Clear drains, fill our lakes

Clear drains, fill our lakes

There is a large fluctuation in the quality and quantity of the water that flows into our lakes

Excavators and trucks make way to rejuvenate the Bellandur Lake in Bengaluru on Thursday. Credit: DH Photo

Bengaluru city receives 64,000 crore litres of rainwater each year. Very little of this water is harvested, and most of this water is allowed to leave the city. The city also produces 37,100 crore litres of sewage. Only a part of this sewage is treated in the Sewage Treatment Plants (STPs) operated privately or by the Bangalore Water Supply and Sewerage Board (BWSSB).

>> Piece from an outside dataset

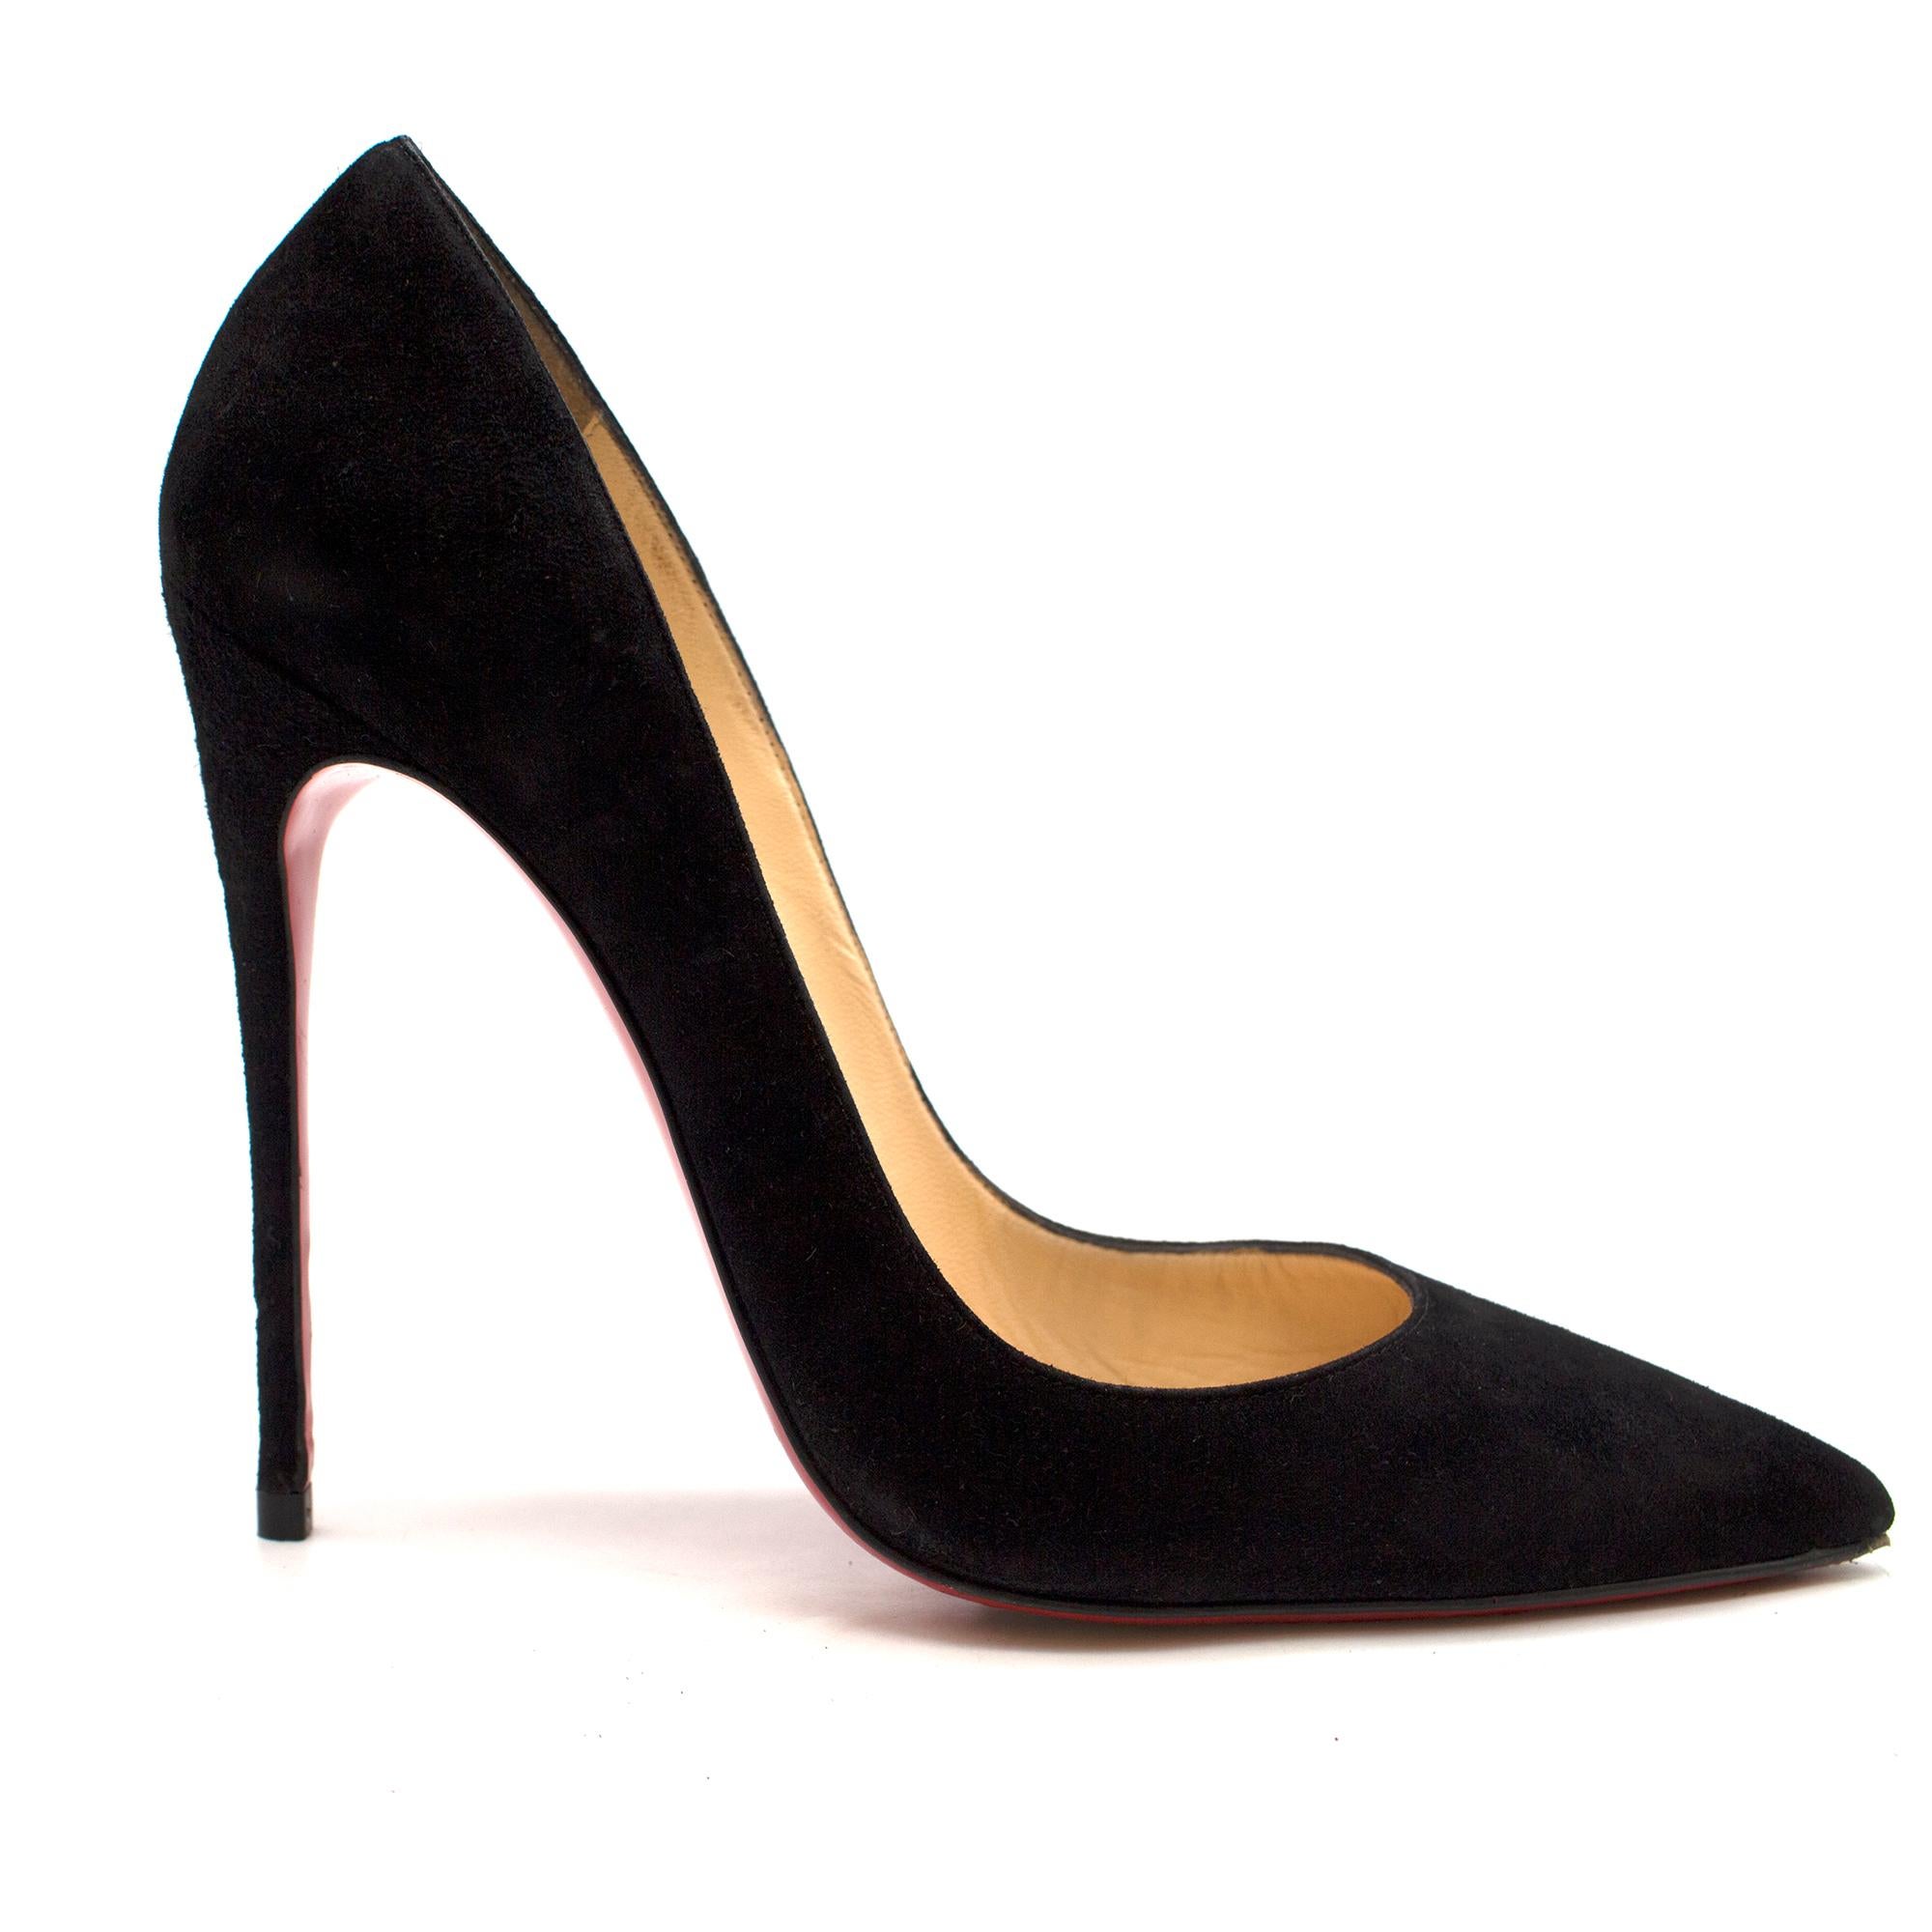 Christian Louboutin So Kate 120mm suede pumps US 8 im Angebot 2

Also read: Urgently needed: A lake planning policy

The rest of the sewage is raw. In addition, there is an unspecified quantum of industrial effluents, which are mostly untreated.

Flow patterns

Thus our drains and lakes receive a mix of rainwater, partly treated sewage, raw sewage and industrial effluents. There is a vast difference in their flow patterns.

The rainwater comes only on 60 wet days in a year, which are spread over seven months. On average, a wet day adds 10,670 Million Litres (ML) of water to the city’s water system.

The sewage flow is perennial, and does not fluctuate much. It adds 1,400 ML of mixed sewage to the city’s water system every day (on average).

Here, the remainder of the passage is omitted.